On 18 August 1965, regiment fought regiment on the Van Tuong Peninsula near the new Marine base at Chu Lai - the first major clash of the Vietnam War. On the American side were three battalions of Marines under the command of Colonel Oscar Peatross, a hero of two previous wars. His opponent was the 1st Viet Cong Regiment commanded by Nguyen Dinh Trong, a veteran of many fights against the French and the South Vietnamese. Codenamed Operation Starlite, this action was a resounding success for the Marines and its result was cause for great optimism about America's future in Vietnam. Starlite catapulted the Vietnam War into the headlines across America and into the minds of Americans, where it took up residence for more than a decade. Starlite was the first step in Vietnam's becoming America's tar baby. The phrase "han tu" — "blood debt," came into Vietnamese usage early in the war with the United States. With this battle, the Johnson Administration began compiling its own blood debt, this one to the American people

This unique account of the battle is based not only on interviews with the Marines involved, from private to colonel, but also on interviews and battlefield walks with men who fought with the 1st Viet Cong Regiment, all of them accomplished combat veterans years before the U.S. entry into the war. The result is a detailed narrative of the battle from the mud level, by those who were at the point of the spear.

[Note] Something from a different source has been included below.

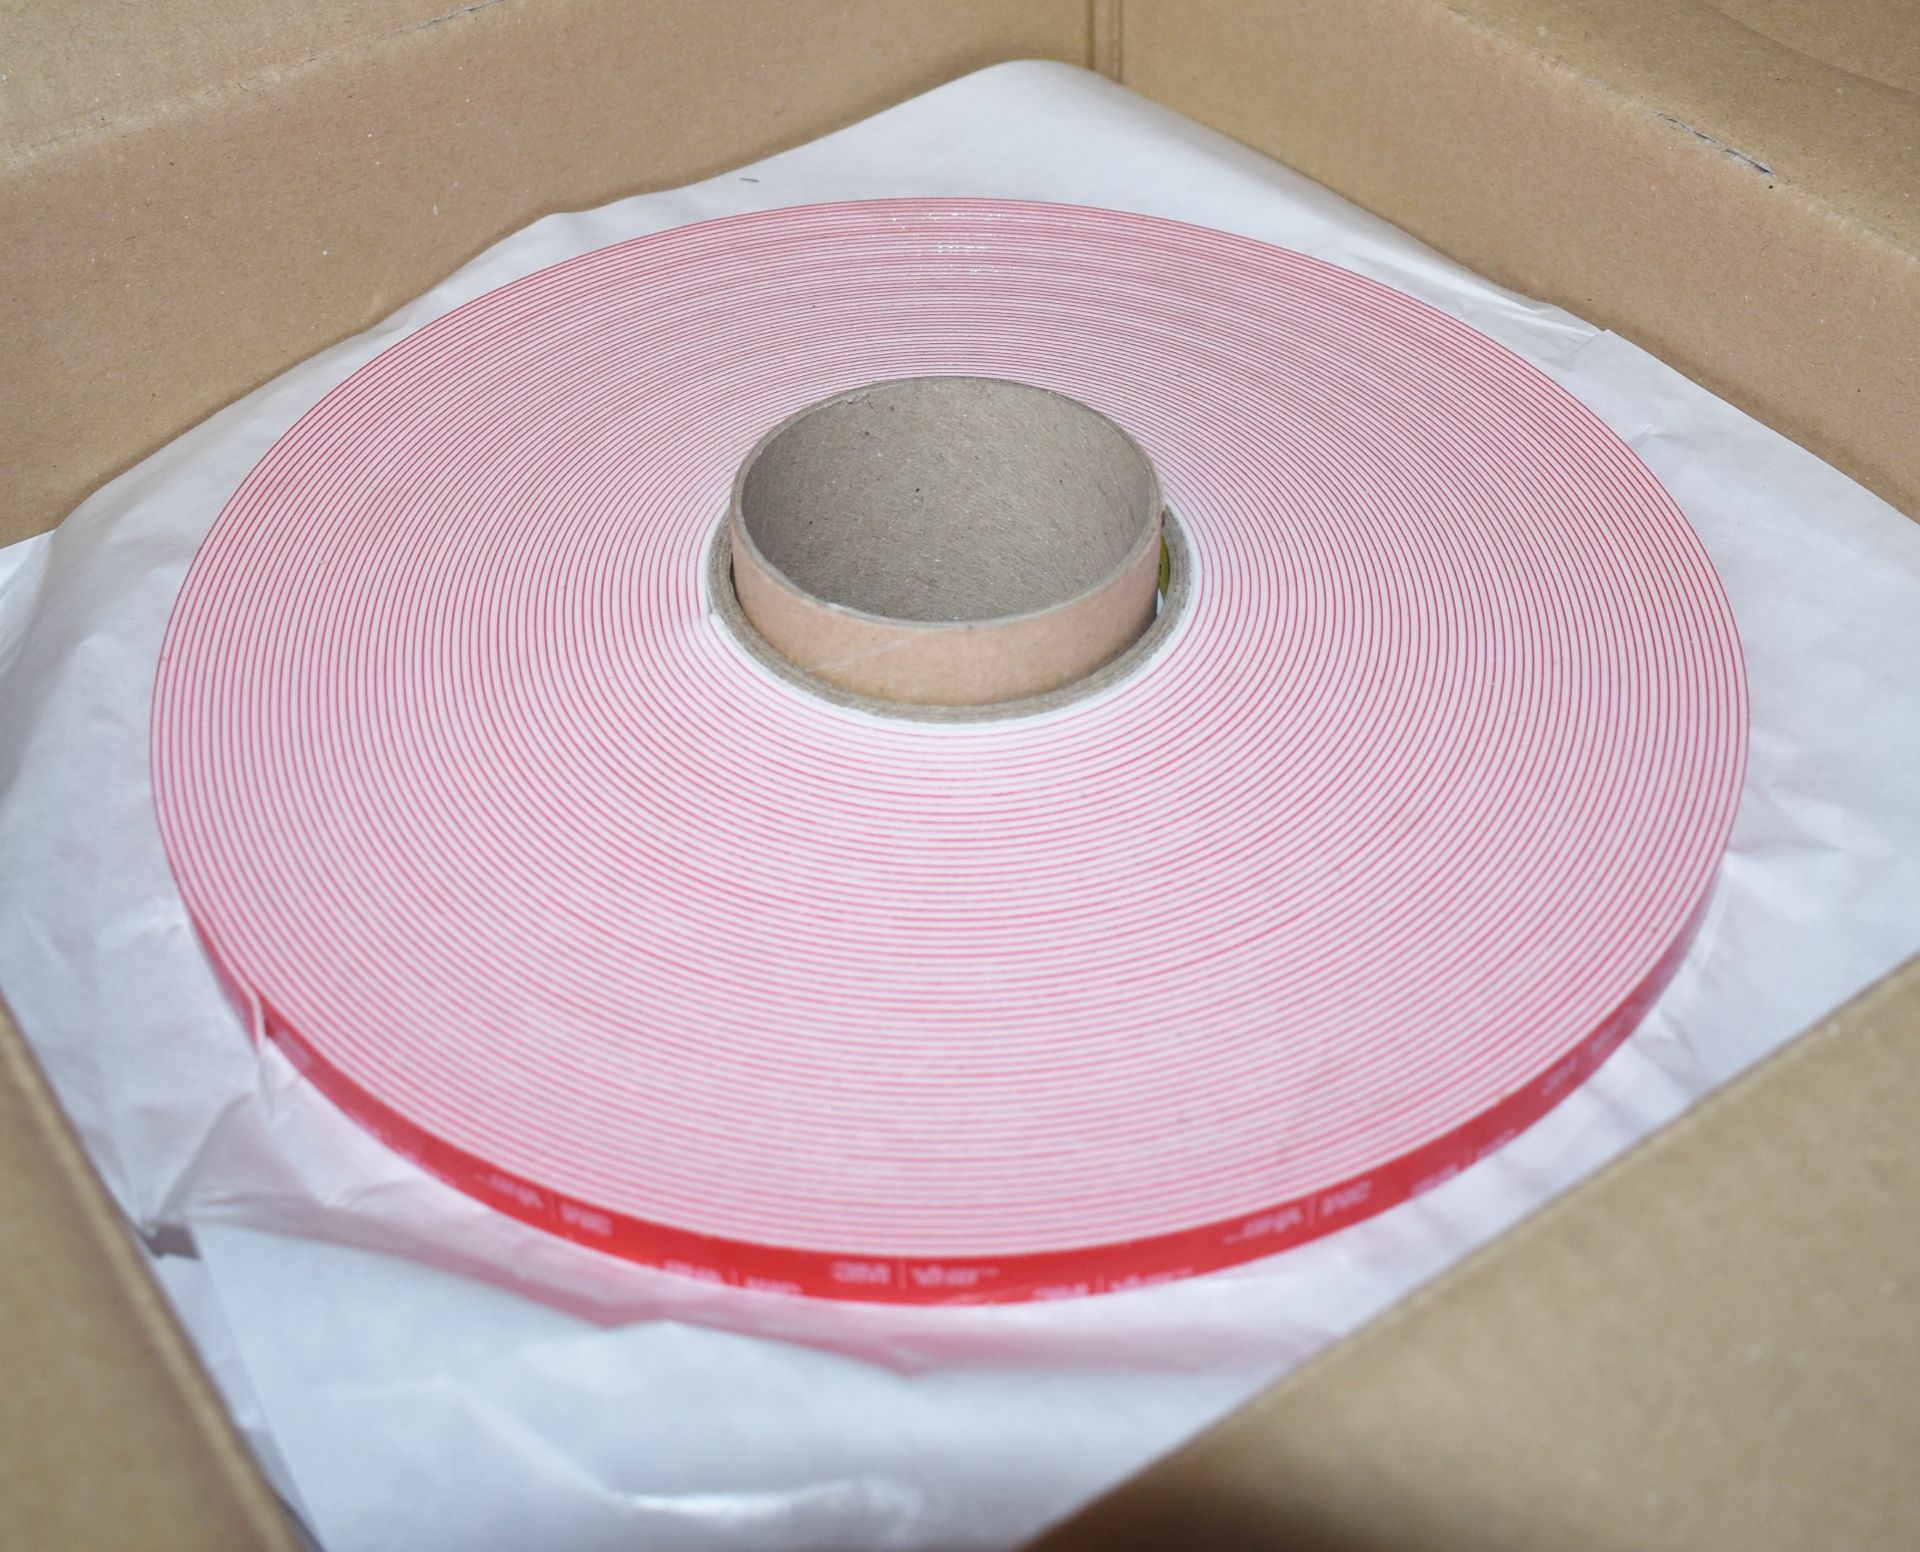 1 x Roll of 3M VHB Double Sided Acrylic Adhesive Foam Core Tape - Type LSE-160WF - RRP £42 - New - Image 3 of 3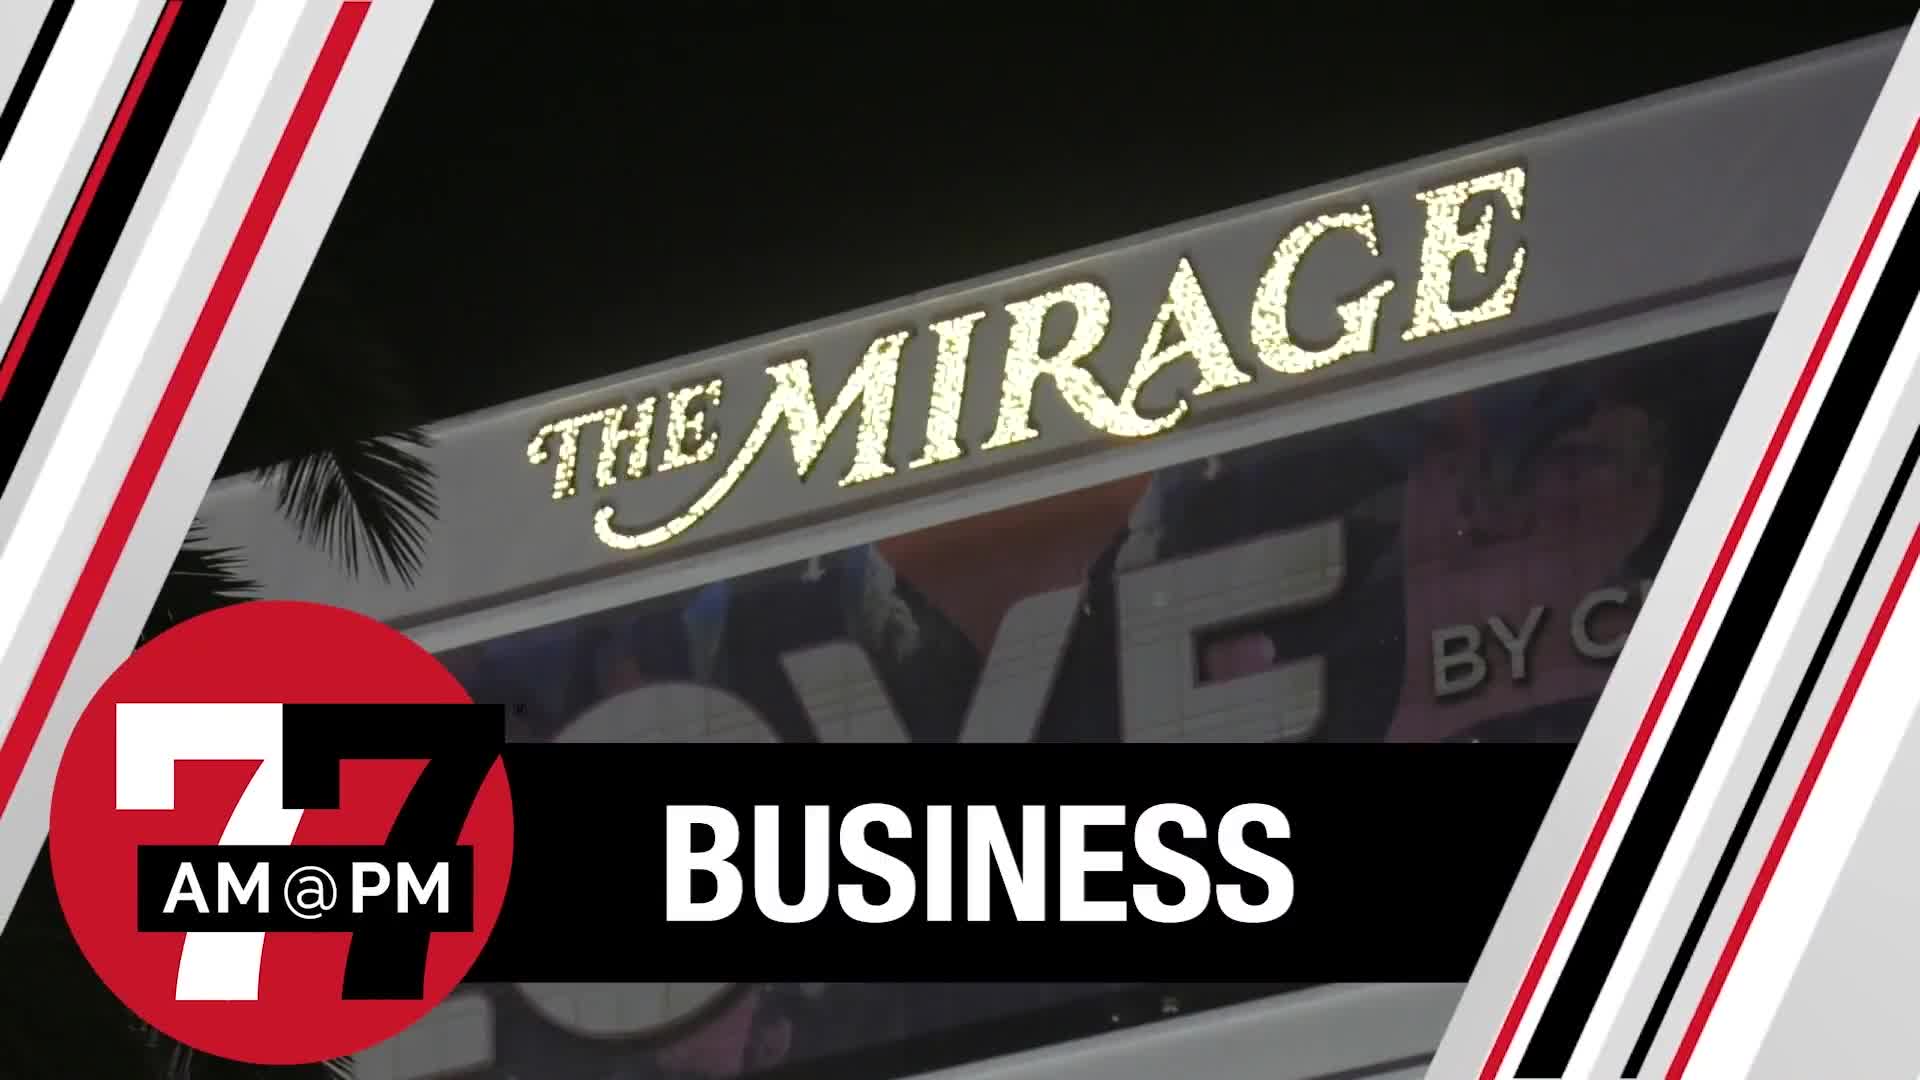 Program will help mirage employees when casino closes

The book also examines the ongoing conflict between the U.S. Army and the U.S. Marines about the methodology of the Vietnam War. With decades of experience with insurrection and rebellion, the Marines were institutionally oriented to base the struggle on pacification of the population. The Army, on the other hand, having largely trained to meet the Soviet Army on the plains of Germany, opted for search-and-destroy missions against Communist main force units. The history of the Vietnam War is littered with many 'what ifs'. This may be the biggest of them.